Several well-known fiction writers from across the region will read from their works during a special two-day event in Norfolk and Wayne in April.
The Northeast Community College Visiting Writers Series and Wayne State College’s Plains Writers Series are partnering to sponsor the Nebraska Fiction Festival on Wednesday and Thursday, April 17 and 18, on the institution’s respective campuses in Norfolk and Wayne.
The featured fiction writers scheduled to read at the Nebraska Fiction Festival are Tosca Lee, Lydia Kang, Ted Wheeler, Karen Shoemaker, Rebecca Rotert, Dave Mainelli, Kevin Clouther, Margie Lukas, David Mullins, Sean Doolittle, and Chris H. Thornton. (Schedule & author bios below)

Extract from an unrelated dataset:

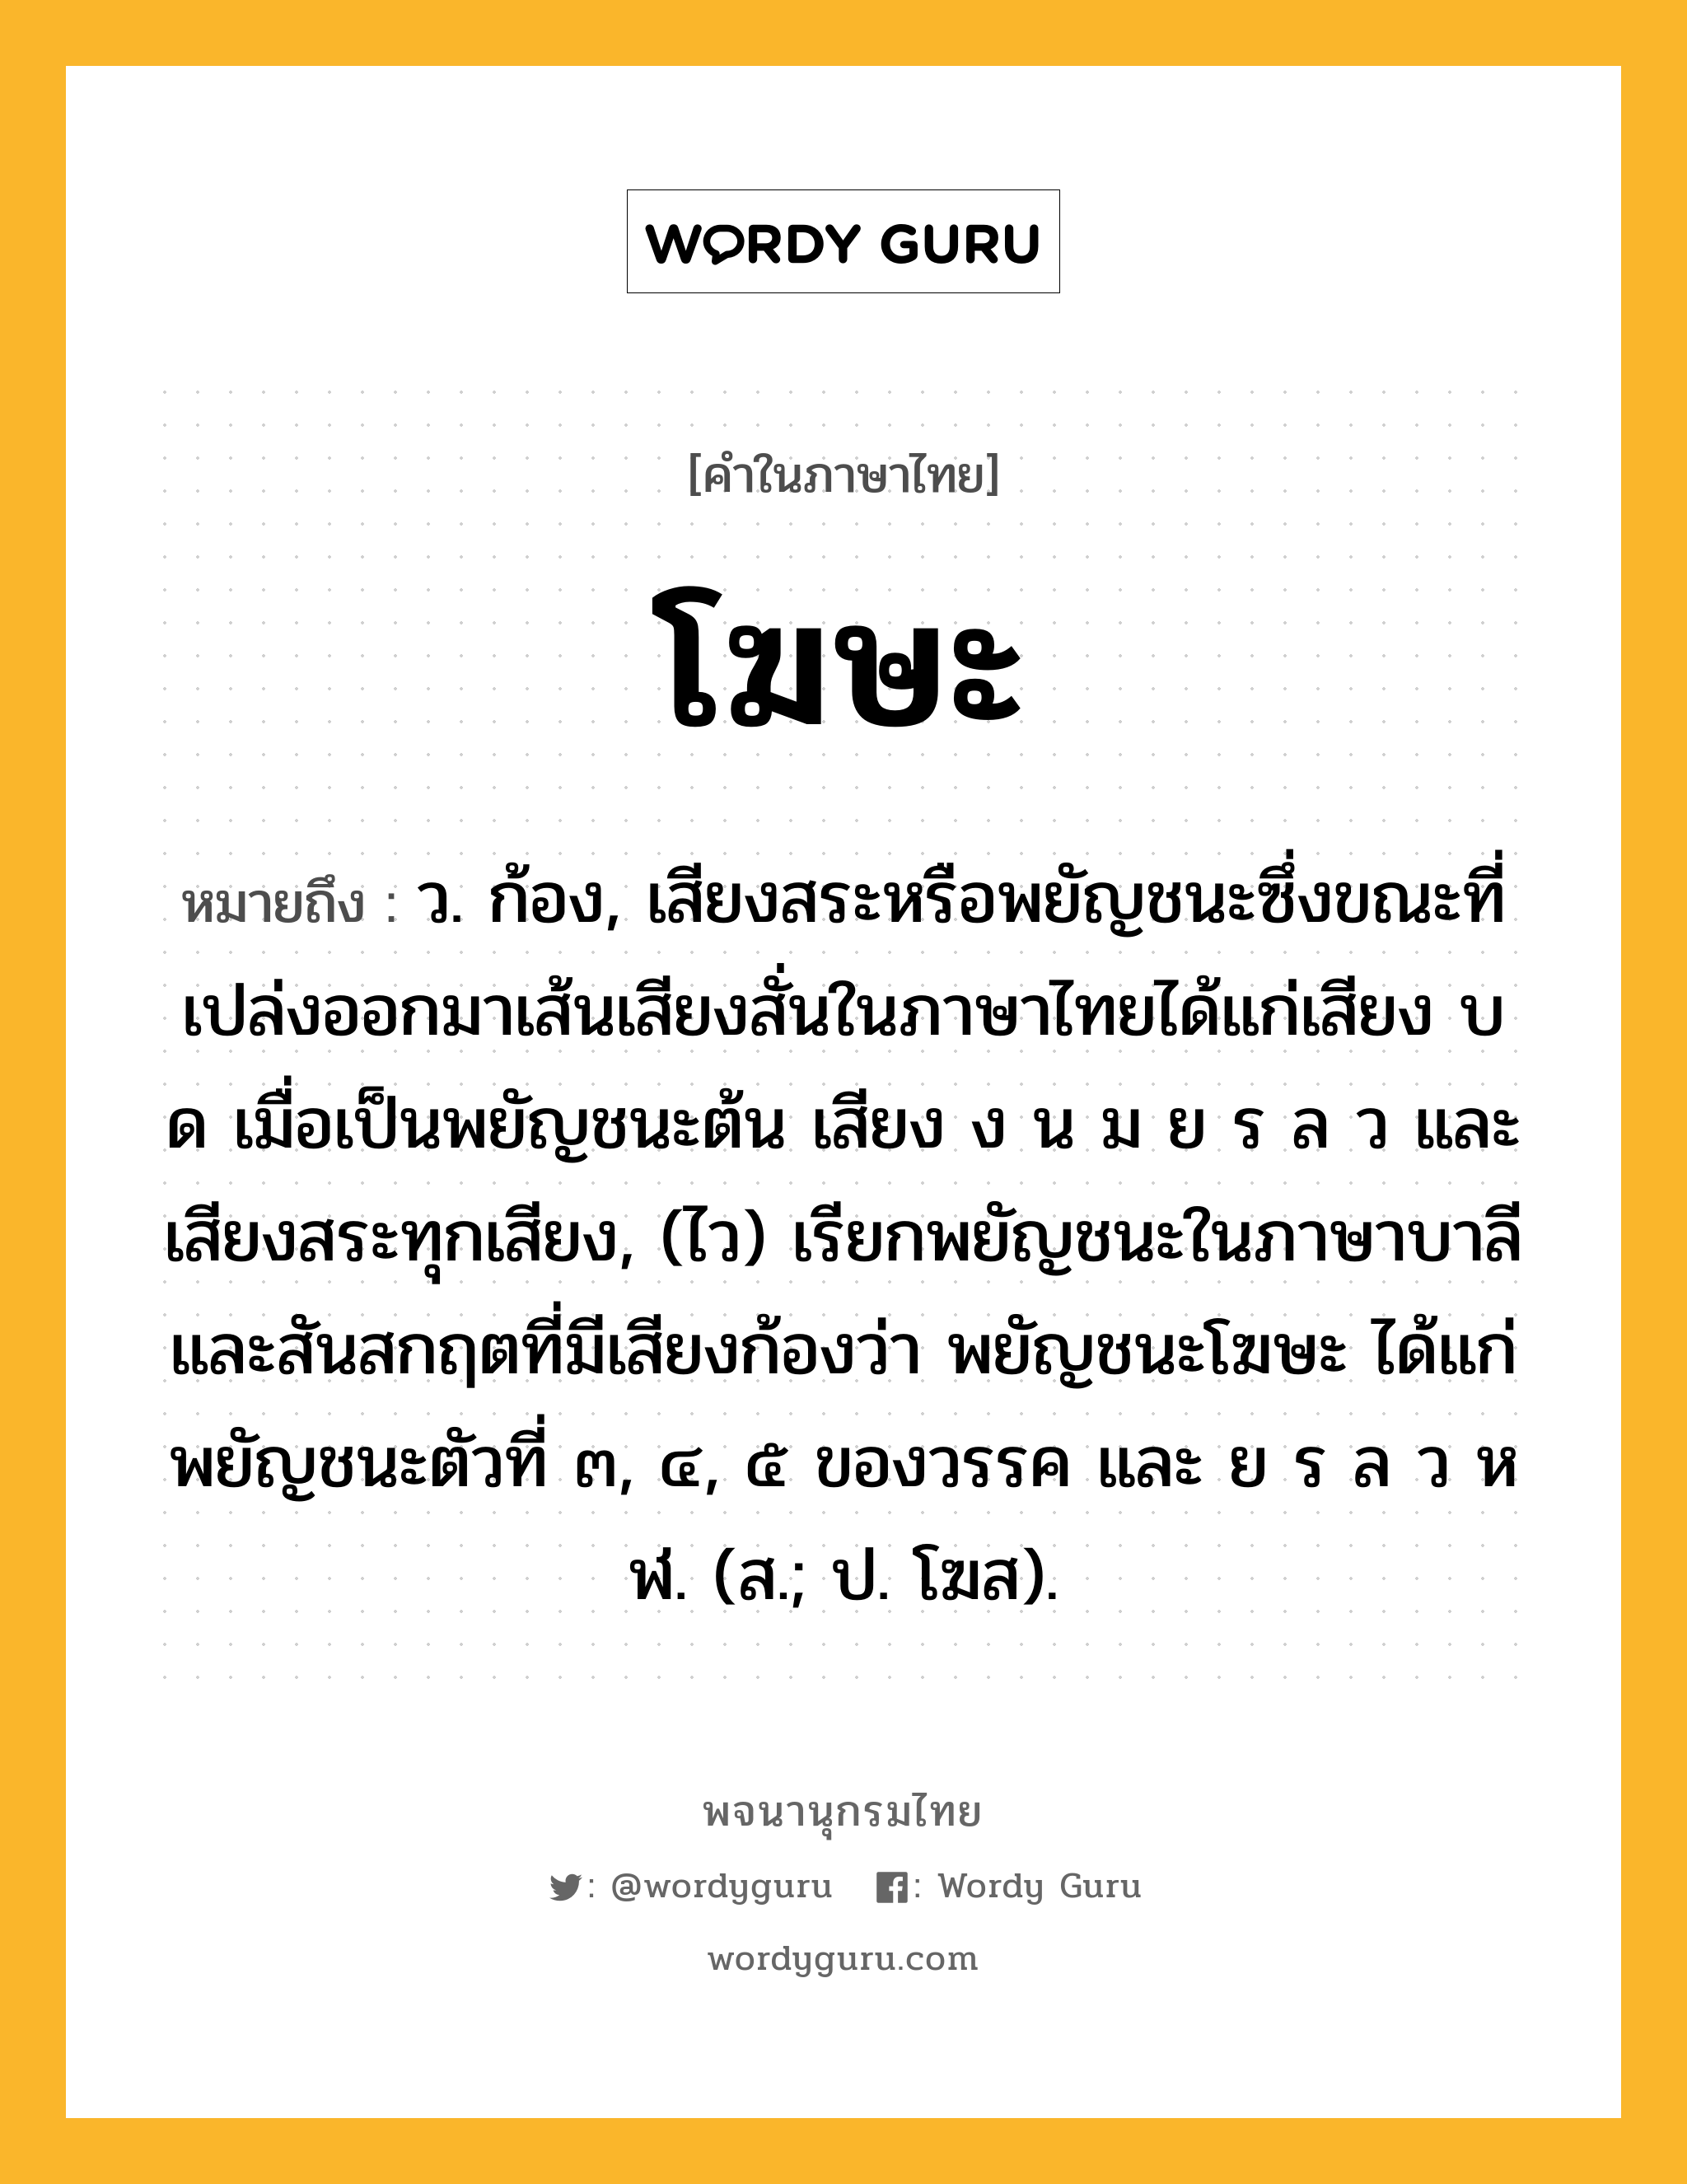 โฆษะ ความหมาย หมายถึงอะไร?, คำในภาษาไทย โฆษะ หมายถึง ว. ก้อง, เสียงสระหรือพยัญชนะซึ่งขณะที่เปล่งออกมาเส้นเสียงสั่นในภาษาไทยได้แก่เสียง บ ด เมื่อเป็นพยัญชนะต้น เสียง ง น ม ย ร ล ว และเสียงสระทุกเสียง, (ไว) เรียกพยัญชนะในภาษาบาลีและสันสกฤตที่มีเสียงก้องว่า พยัญชนะโฆษะ ได้แก่ พยัญชนะตัวที่ ๓, ๔, ๕ ของวรรค และ ย ร ล ว ห ฬ. (ส.; ป. โฆส).

The Nebraska Fiction Festival will be held Wednesday, April 17, from 11 a.m.-3 p.m., in Northeast Community College’s Union 73. The event continues Thursday, April 18, from 11 a.m.-3 p.m., in Wayne State College’s Gardner Hall.
Following the Nebraska Fiction Festival on April 18 will be the WSC Fiction Slam. The slam will be held at the Max Bar and Grill in downtown Wayne, NE, starting at 7:00 p.m., with registration starting at 6:30 p.m. Slam participants need two original short stories and a $5 registration fee. Cash & prizes for the top 4 slam winners.
All events are free and open to the public. For more information on the Nebraska Fiction Festival, contact: Chad Christensen ([email protected]) Bonnie Johnson-Bartee ([email protected]).
Facebook Event pages: April 17, 2024 @ NECC & April 18, 2024 @ WSC.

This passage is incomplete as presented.